The R interface is based on `HDF5Matrix` objects and S3 methods, so users can
work with familiar R calls such as `dim()`, `[`, `%*%`, `crossprod()`, `scale()`,
`cor()`, `svd()`, `prcomp()`, `qr()`, `chol()`, and `solve()`. The C++
infrastructure provides classes and routines for managing HDF5 files, groups, and
datasets, together with block-wise numerical methods that can be reused from
Rcpp-based code.

```mermaid
flowchart LR
    subgraph R["R interface"]
        A["HDF5Matrix objects"] --> B["S3 generics: scale, crossprod, svd, qr, prcomp ..."]
    end
    subgraph CPP["C++ infrastructure"]
        C["C++ classes: files, groups, datasets"] --> D["Block-wise numerical routines"]
    end
    B --> D
    D --> E["HDF5 storage on-disk matrices"]
    C --> E
```

Most users will interact with the R/S3 interface. Developers can build on the C++
headers to extend the package with new HDF5-backed methods while retaining
efficient execution through compiled code.

### Key Features

- **HDF5-backed matrices** through a familiar `HDF5Matrix`/S3 interface
- **Block-wise algorithms** — process matrices larger than available RAM through
  intelligent partitioning
- **Parallel processing** — multi-threaded operations for enhanced performance
- **Comprehensive decompositions** — SVD, PCA, QR, Cholesky, eigendecomposition,
  and pseudoinverse
- **Statistical transformations** — centering, scaling, correlation, sweep, and
  aggregations by row/column
- **C++ developer infrastructure** — reusable classes and routines for building
  new scalable methods without reimplementing HDF5 management or block iteration
- **HDF5 compression and file-space reuse** — controlled disk usage across
  iterative workflows

## Installation

### From CRAN (Stable Release)

```r
install.packages("BigDataStatMeth")
```

### From GitHub (Development Version)

```r
# Install devtools if needed
install.packages("devtools")

devtools::install_github("isglobal-brge/BigDataStatMeth")
```

### System Requirements

**R packages:**

- `Matrix`
- `RcppEigen`
- `RSpectra`

**System dependencies:**

- HDF5 library (>= 1.8)
- C++17 compatible compiler
- For Windows: [Rtools](https://cran.r-project.org/bin/windows/Rtools/)

## Quick Start

```r
library(BigDataStatMeth)

h5file <- tempfile(fileext = ".h5")

set.seed(1)
X <- matrix(rnorm(500 * 100), nrow = 500, ncol = 100)

# Write an in-memory matrix to HDF5
X_h5 <- hdf5_create_matrix(
  filename = h5file,
  dataset  = "data/X",
  data     = X,
  overwrite = TRUE
)

dim(X_h5)
colMeans(X_h5)

# Standard R operations on the HDF5-backed matrix
XtX_h5  <- crossprod(X_h5)
X_sc_h5 <- scale(X_h5)

# Decompositions
svd_res <- svd(X_h5, nu = 5, nv = 5, center = TRUE, scale = TRUE)
pca_res <- prcomp(X_h5, center = TRUE, scale. = TRUE, ncomponents = 5)

close(X_h5)
hdf5_close_all()
```

## Core Functionality

### Standard R interface (`HDF5Matrix`/S3)

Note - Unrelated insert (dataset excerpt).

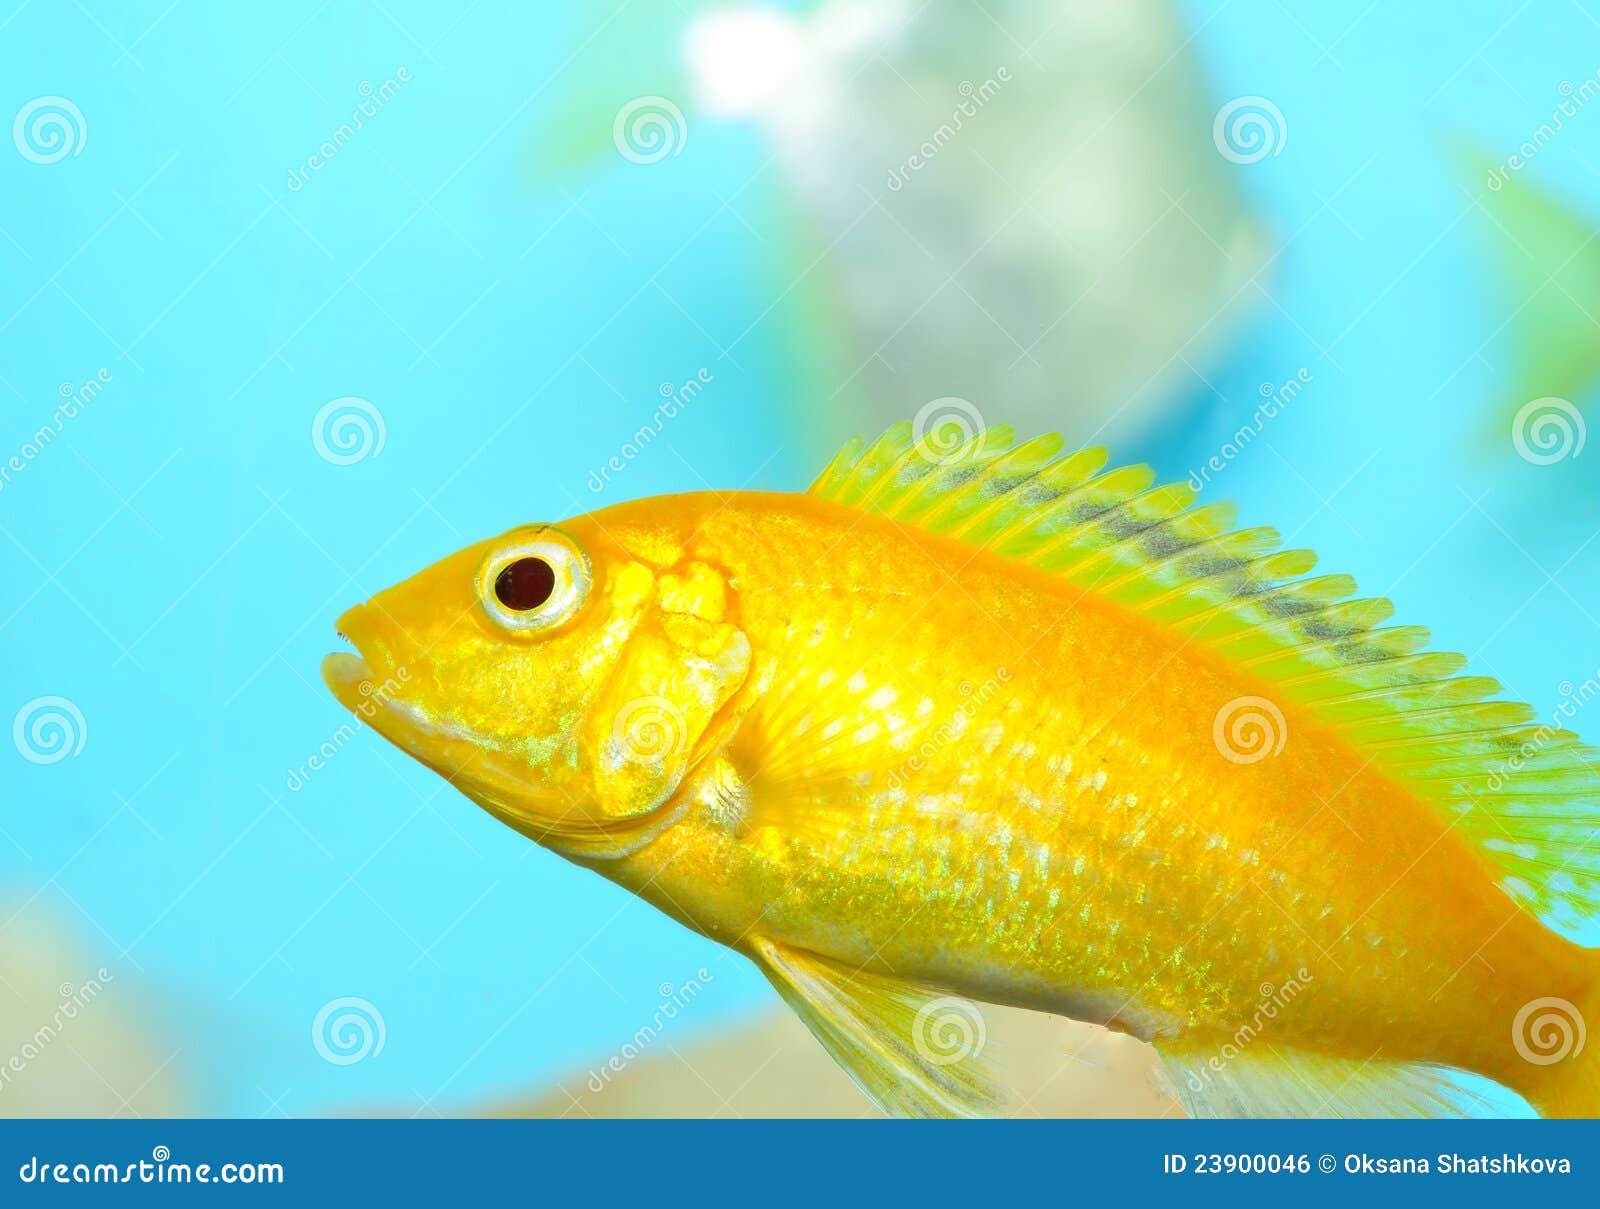 Aquarium fish royalty free stock image image 23900046 for Yellow fish tank water

| Category | Representative calls |
|:---|:---|
| Core object handling | `hdf5_create_matrix()`, `hdf5_matrix()`, `dim()`, `nrow()`, `ncol()`, `is_open()`, `close()` |
| HDF5 inspection and I/O | `list_datasets()`, `hdf5_import()`, `hdf5_import_multiple()`, `as.matrix()`, `as.data.frame()` |
| Subsetting and assignment | `X[i, j]`, `X[i, j] <- value` |
| Dimension names | `rownames()`, `colnames()`, `dimnames()` |
| Element-wise arithmetic | `X + Y`, `X - Y`, `X * Y`, `X / Y` |
| Matrix algebra | `%*%`, `crossprod()`, `tcrossprod()`, `cbind()`, `rbind()` |
| Aggregations | `colSums()`, `rowSums()`, `colMeans()`, `rowMeans()`, `colVars()`, `rowVars()`, `colSds()`, `rowSds()`, `colMins()`, `rowMins()`, `colMaxs()`, `rowMaxs()` |
| Scalar summaries | `mean()`, `var()`, `sd()` |
| Normalization and transformations | `scale()`, `sweep()` |
| Correlation | `cor()` |
| Decompositions | `svd()`, `prcomp()`, `eigen()`, `pseudoinverse()` |
| Factorizations and solvers | `qr()`, `chol()`, `solve()` |
| Diagonal operations | `diag()`, `diag<-()`, `diag_op()`, `diag_scale()` |
| Split, reduce, and apply | `split_dataset()`, `split()`, `reduce()`, `apply_function()` |
| Resource management and options | `hdf5matrix_options()`, `show_hdf5matrix_options()`, `hdf5_close_all()` |

### Specialized helpers (`bd*`)

Some utilities do not map directly to an existing base R generic and retain the
`bd*` prefix. Examples include `bdCreate_hdf5_group()`,
`bdmove_hdf5_dataset()`, and `bdWrite_hdf5_dimnames()`. These functions are
part of the package API and are documented in their corresponding help pages.

## Global Options

Common settings for HDF5-backed computations can be configured with
`hdf5matrix_options()`. These include parallel execution, number of threads,
block size, and HDF5 compression level.

```r
hdf5matrix_options(
  paral       = TRUE,
  threads     = 4L,
  block_size  = 512L,
  compression = 6L
)
```

These settings are especially useful for operations dispatched through standard R
generics, where the usual R call does not always expose all low-level execution
parameters. Operation-specific parameters can also be passed directly when a
method supports them (see `?svd.HDF5Matrix`, `?prcomp.HDF5Matrix`,
`?qr.HDF5Matrix`).

## C++ Infrastructure for New Methods

The C++ API is a central part of `BigDataStatMeth`. The package exposes C++
classes for HDF5 files, groups, and datasets, and implements block-wise routines
for matrix algebra, decompositions, and statistical operations. These are the same
building blocks used internally by the R/S3 interface.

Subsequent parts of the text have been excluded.